ICP Holds $4.69 Support While Falling Wedge Caps Price Below $5.40

CryptoNewsLand
ICP1,88%

ICP traded at $4.91 after a 9.4% daily decline, remaining inside a clearly defined falling wedge on the 1-hour chart.

The price held above $4.69 support while staying capped below $5.40 resistance, keeping movement within a narrow range.

The chart displayed a projected $6–$7 relief zone, marked above the upper trendline as part of the broader structure.

Internet Computer traded lower over the past 24 hours as its price moved within a defined falling wedge on the one-hour chart. The asset changed hands at $4.91, reflecting a 9.4% decline during the period. This movement extended its downward structure, yet the pattern kept price action well contained inside two converging trendlines. The formation provided a clear view of recent trading behavior and highlighted how the market tracked short-term levels. Moreover, the setup created a structured environment for evaluating shifts in momentum as the token traded near its support area.

Market Structure Tightens Around the Falling Wedge

The wedge pattern narrowed over recent sessions, and it directed attention to the lower boundary near $4.69, which acted as support. Price moved toward this area during the decline, and it held close to the line throughout the session

This kept the structure intact, and it allowed the broader pattern to remain consistent. However, the upper boundary continued to restrict upward attempts, and it shaped intraday direction. The two trendlines maintained pressure on both sides, which created a balanced setup for monitoring hourly changes.

Trading Levels Define Near-Term Framework

The 24-hour range stayed within the falling wedge, and it showed how the price reacted to nearby resistance at $5.40. The market treated this level as the upper limit during recent moves, and price stayed below it throughout the period. This created a clear separation between resistance and the lower boundary

Notably, the tight structure provided a reference for short-term developments, and it positioned the current price near the midpoint of recent activity. The setup connected directly with the declining trendlines, and it kept focus on how upcoming sessions may interact with the boundaries.

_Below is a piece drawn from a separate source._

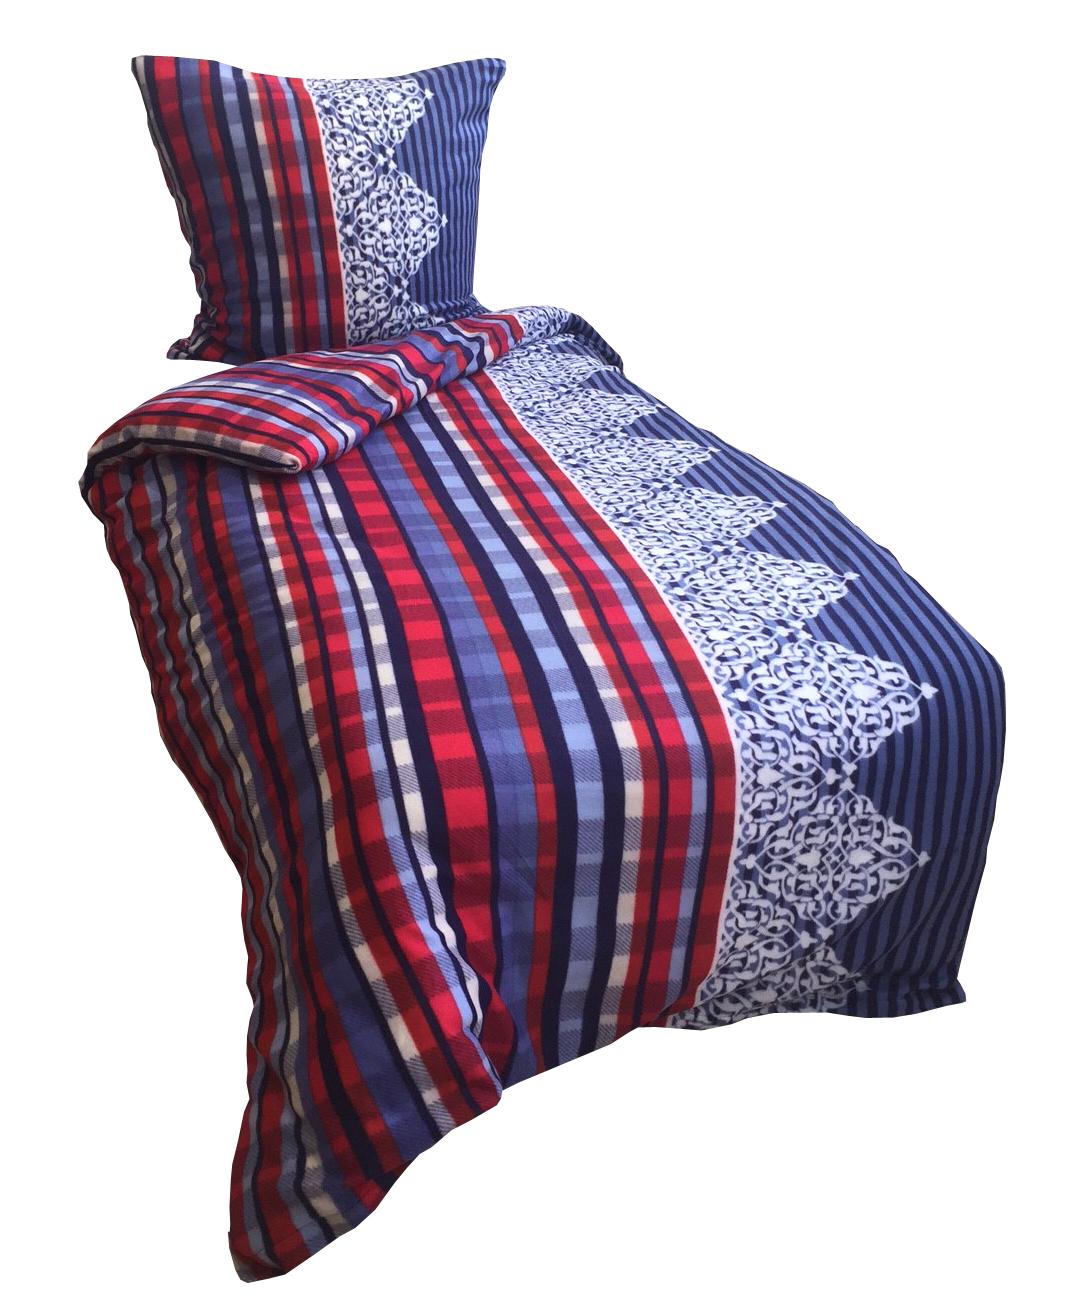 3tlg bettw sche fleece 135x200cm blau rot warm kuschelig mit laken 140 160x200cm 4260273083957. Black Bedroom Furniture Sets. Home Design Ideas

Hourly Action Tracks Pattern While Traders Watch Key Zones

The one-hour chart placed the price firmly inside the wedge as the asset continued to follow the controlled slope. The structure extended across several sessions, and it maintained its shape as the decline progressed. Additionally, the current position between $4.69 support and $5.40 resistance created a specific trading corridor for near-term tracking

The chart also marked a projected relief zone between $6 and $7, which aligned with the marked green target box. This area stood above the upper trendline and remained visible as part of the broader setup. With the pattern intact, the market continued to track the defined range while observing price behavior across the one-hour timeframe.